この本の題名は『壁』ですが、この世界に壁という壁がなかったなら、わたしもあなたもあったものじゃないし、すべては溶け合い、それこそまさにカオスなんだろうなと思います。
でも人はそれぞれ名前を持ち、身分証明書やIDカードによって自己を識別してもらい社会生活を営む。もしかしたら社会で生活しているのは、『私』ではなく、『私の名前』のほうなのかもしれない。
なら、『私』の行き場はどうなってしまうのだろう。
実存主義の思想を感じます。
阿部公房は、人間が、あって当たり前だと思っているものを、次々に取り上げていって再び混沌の渦の中へ放り込むことで、そこでもがく姿に人間を描こうとしているんだと思う。

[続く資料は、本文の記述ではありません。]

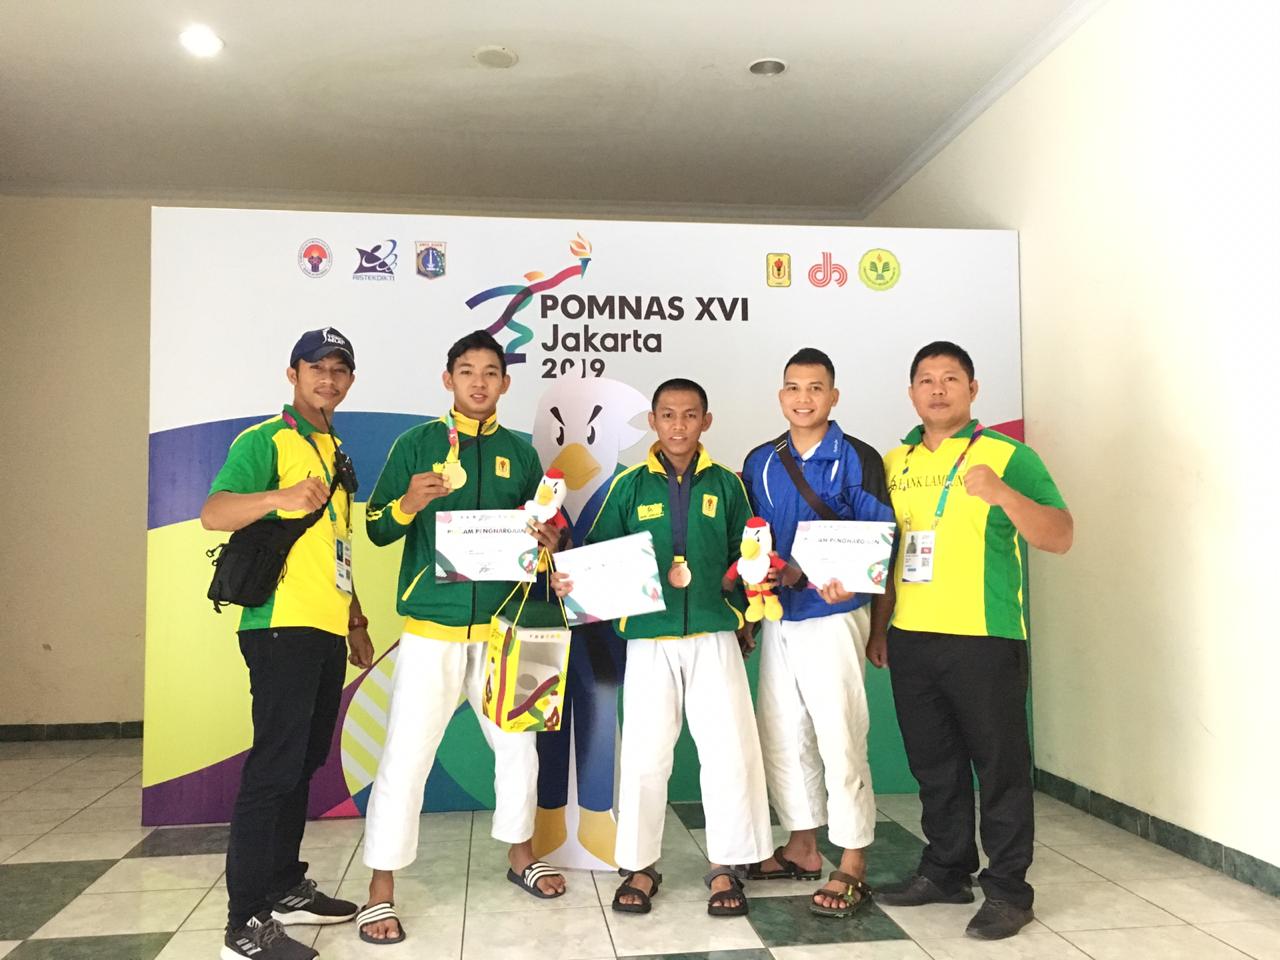 Pertandingan Pertama Pomnas XIV, Judo Lampung Raih 1 Emas dan 2 Perunggu
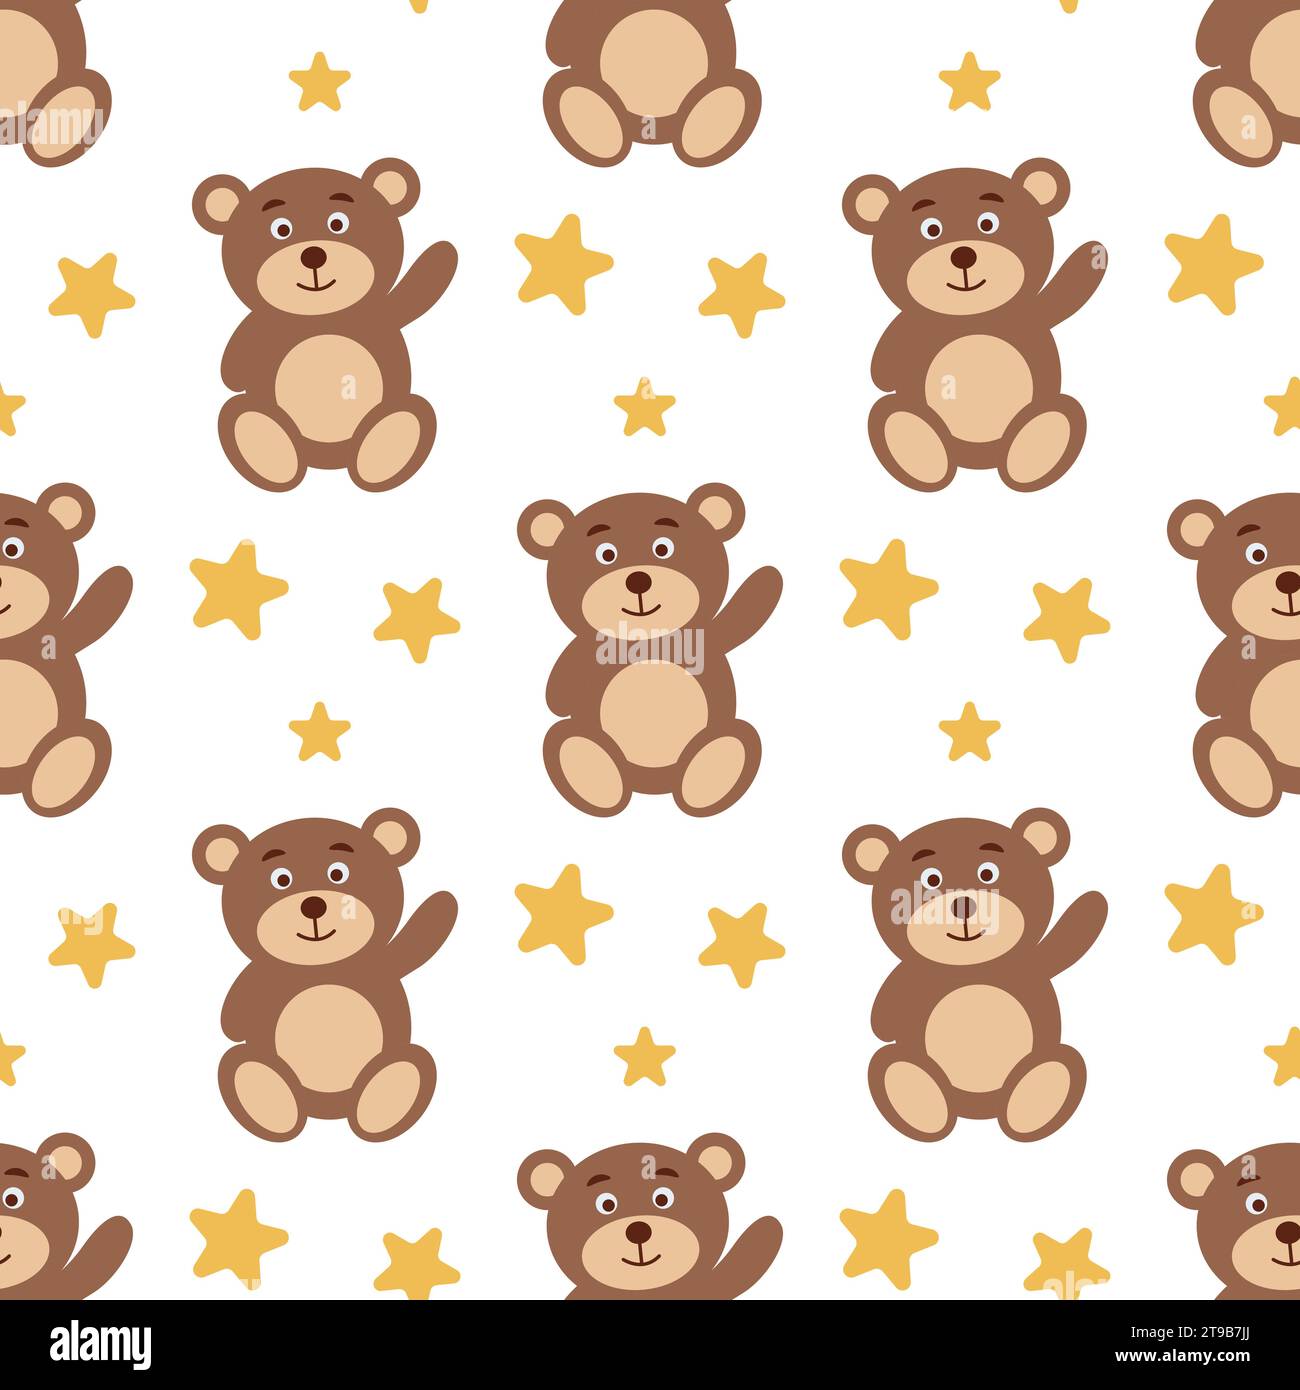 Teddybär winkt mit seinem nahtlosen Pfotenmuster. Niedlicher Hintergrund mit Spielzeugbären und Sternen. Babydruck für Textilien, Kleidung, Stoff, Tapeten, Verpackungen Stock Vektor

そんな、人それぞれな解釈はおいておくとしても、ただ単純に面白いです。
ある朝名前をなくしていた『私』と『名刺』との権力争い。
シュールです。ナンセンスです。言葉あそびの極致です。
名刺が会社に行って仕事をします。名刺や帽子や万年筆たちが当たり前のようにしゃべるし、しまいには、モノたちが謎の作詞作曲をしだします笑 その歌詞は深いようでいて意味不明でかわいらしく、すごくツボです。
主人公は、果てしなく成長する壁になります。安易な解釈かもしれませんが、名前を失い、存在を口々に否定され失墜した自我が、外へ溶けだしていくことを恐れるあまりに自らが壁になってしまった…そうだとしたら切ない話です。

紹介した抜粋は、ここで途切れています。